Divorce and Remarriage — What Does the Bible Say?

Few topics are more pastorally sensitive than divorce. Discover what Jesus and Paul teach about divorce, what exceptions exist, and how the church should respond with both truth and grace.

📖 Key Scriptures

Matthew 19:4-9, 1 Corinthians 7:15, Malachi 2:16

A Question Jesus Was Asked

The Pharisees came to Jesus with a test question: "Is it lawful to divorce one's wife for any cause?" (Matthew 19:3). This was a live debate among Jewish teachers of the day. Jesus' answer went behind the controversy to the beginning.

God's Original Design

Jesus' response to the divorce question was to redirect attention to creation: "Have you not read that he who created them from the beginning made them male and female, and said, 'Therefore a man shall leave his father and his mother and hold fast to his wife, and the two shall become one flesh'?" (Matthew 19:4-5).

God's original design was a permanent, exclusive, one-flesh union. "What therefore God has joined together, let not man separate." (Matthew 19:6). Divorce is a departure from God's design — a concession to human hardness of heart (Matthew 19:8), not a feature of God's original intention.

The Exceptions

Jesus' teaching on divorce includes what is often called the "exception clause":

And I say to you: whoever divorces his wife, except for sexual immorality, and marries another, commits adultery. — Matthew 19:9

Sexual immorality (porneia) — the persistent, unrepentant breaking of the sexual covenant — is the exception Jesus permits for divorce.
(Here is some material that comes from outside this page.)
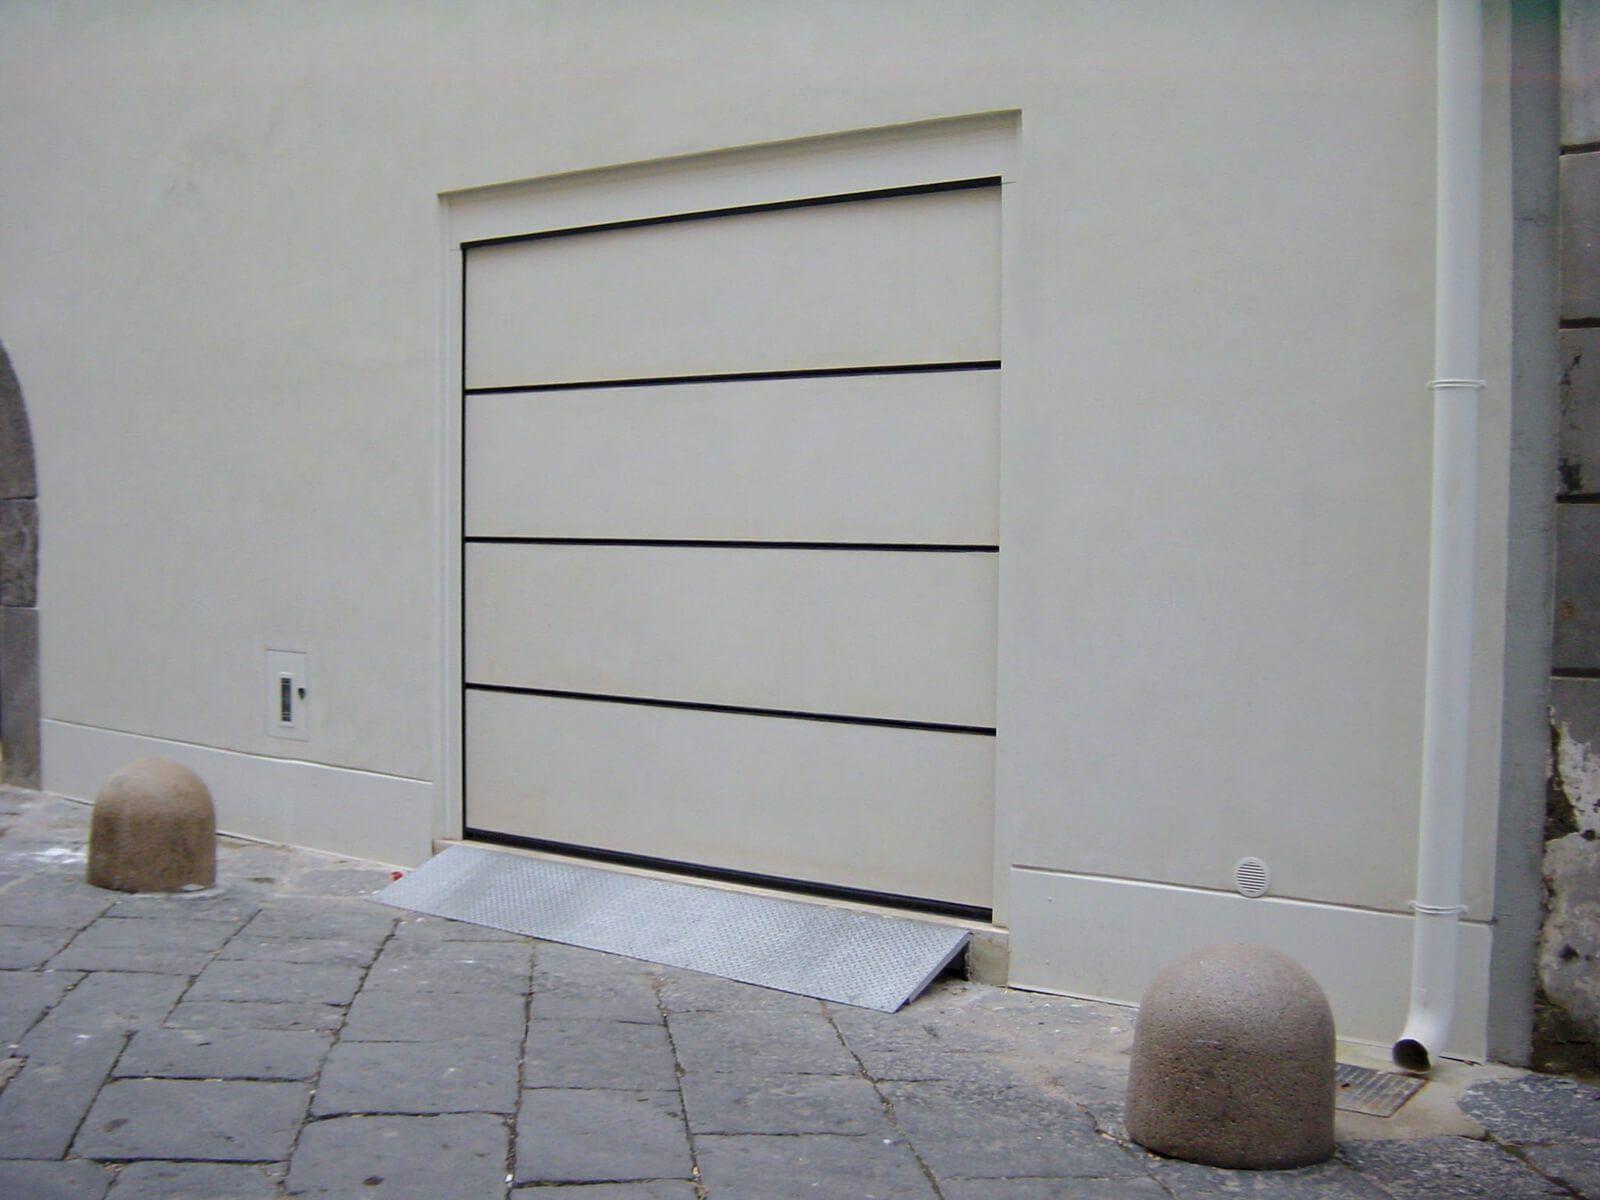 Le perle designer overhead garage doors by breda are oneofakind
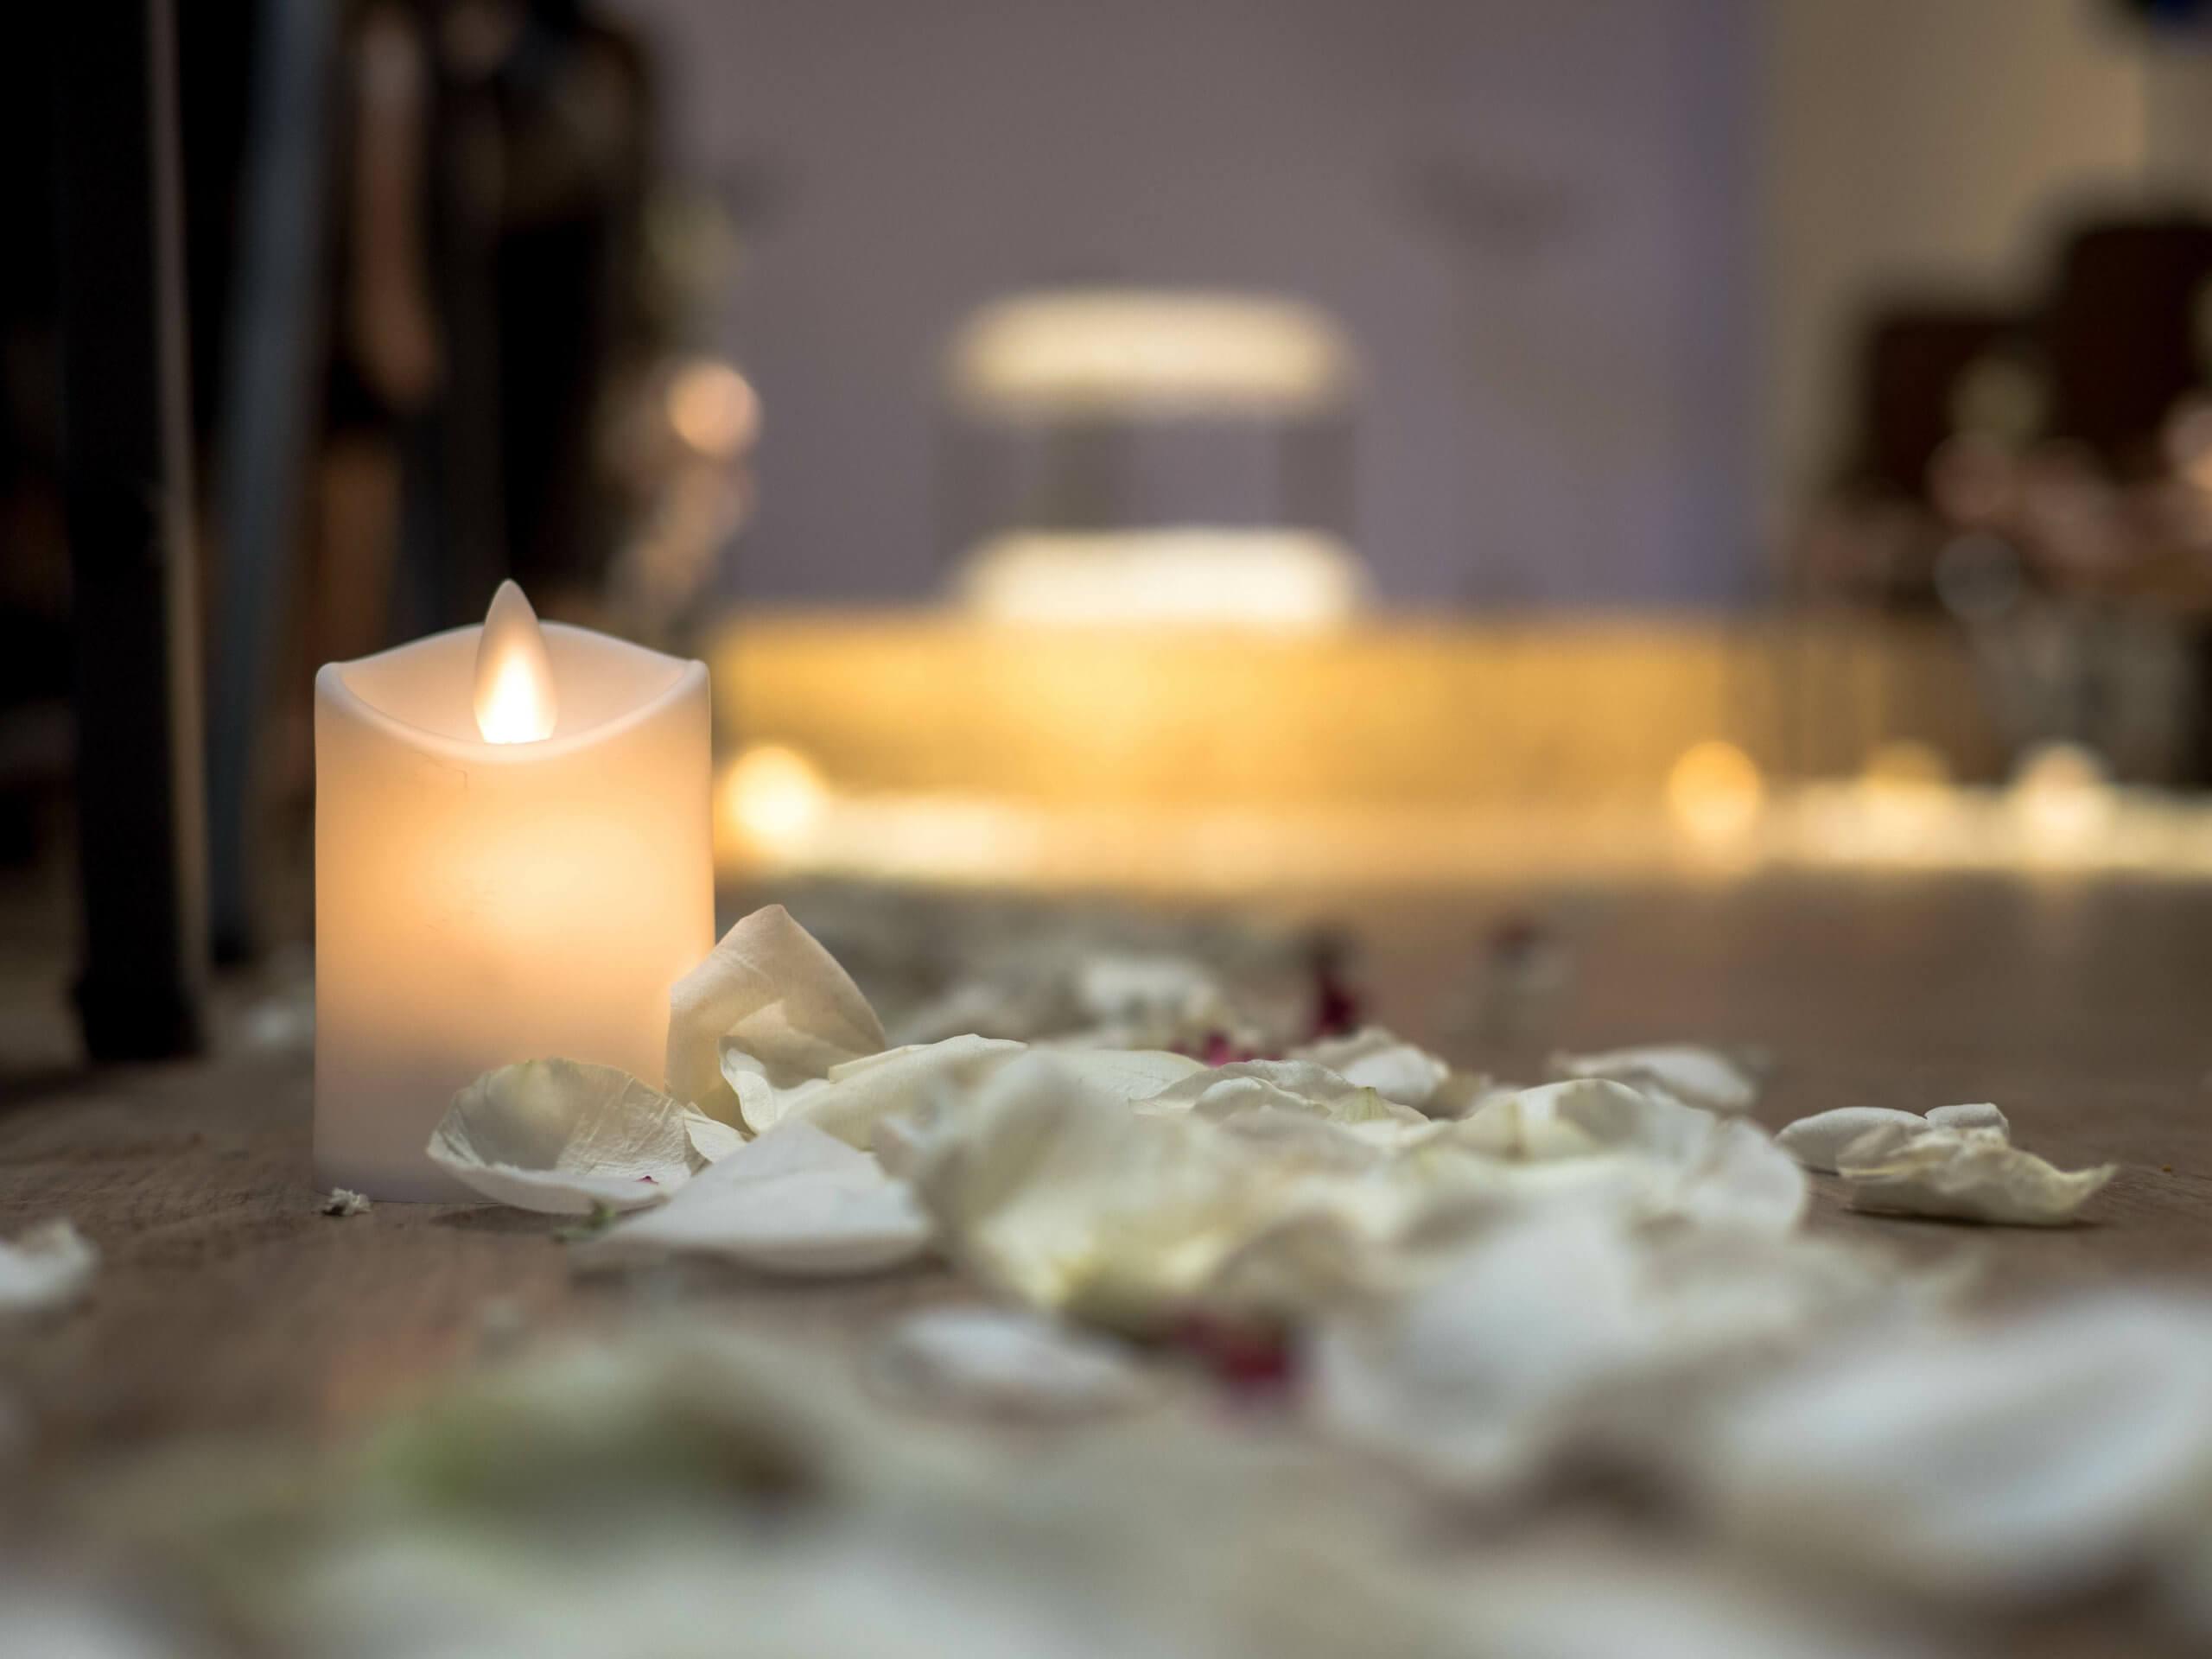 intimacy retreats intimacy workshops intimacy retreats for couples

Paul adds a second ground in 1 Corinthians 7:15: if an unbelieving spouse abandons a believing spouse, the believer is "not enslaved" — the marriage bond may be considered broken by the desertion.

Divorce Is Never Required

It is important to note that even where divorce is permitted, it is never required. Forgiveness, reconciliation, and the restoration of the marriage is always the higher path where possible. The exception permits divorce in cases of sexual immorality — it does not command it.

Remarriage

Whether divorced people may remarry is a question on which sincere Christians hold different positions. The stricter view holds that remarriage is only permissible after the death of a spouse. The more common evangelical view holds that remarriage is permissible where a divorce was for biblical grounds (sexual immorality or abandonment).

Grace for the Divorced

Whatever the biblical conclusions on divorce, the church must hold them with pastoral grace. Many people come to faith carrying the weight of failed marriages. The God who forgives all sin offers complete grace and a fresh start to every person — including those whose marriages have ended.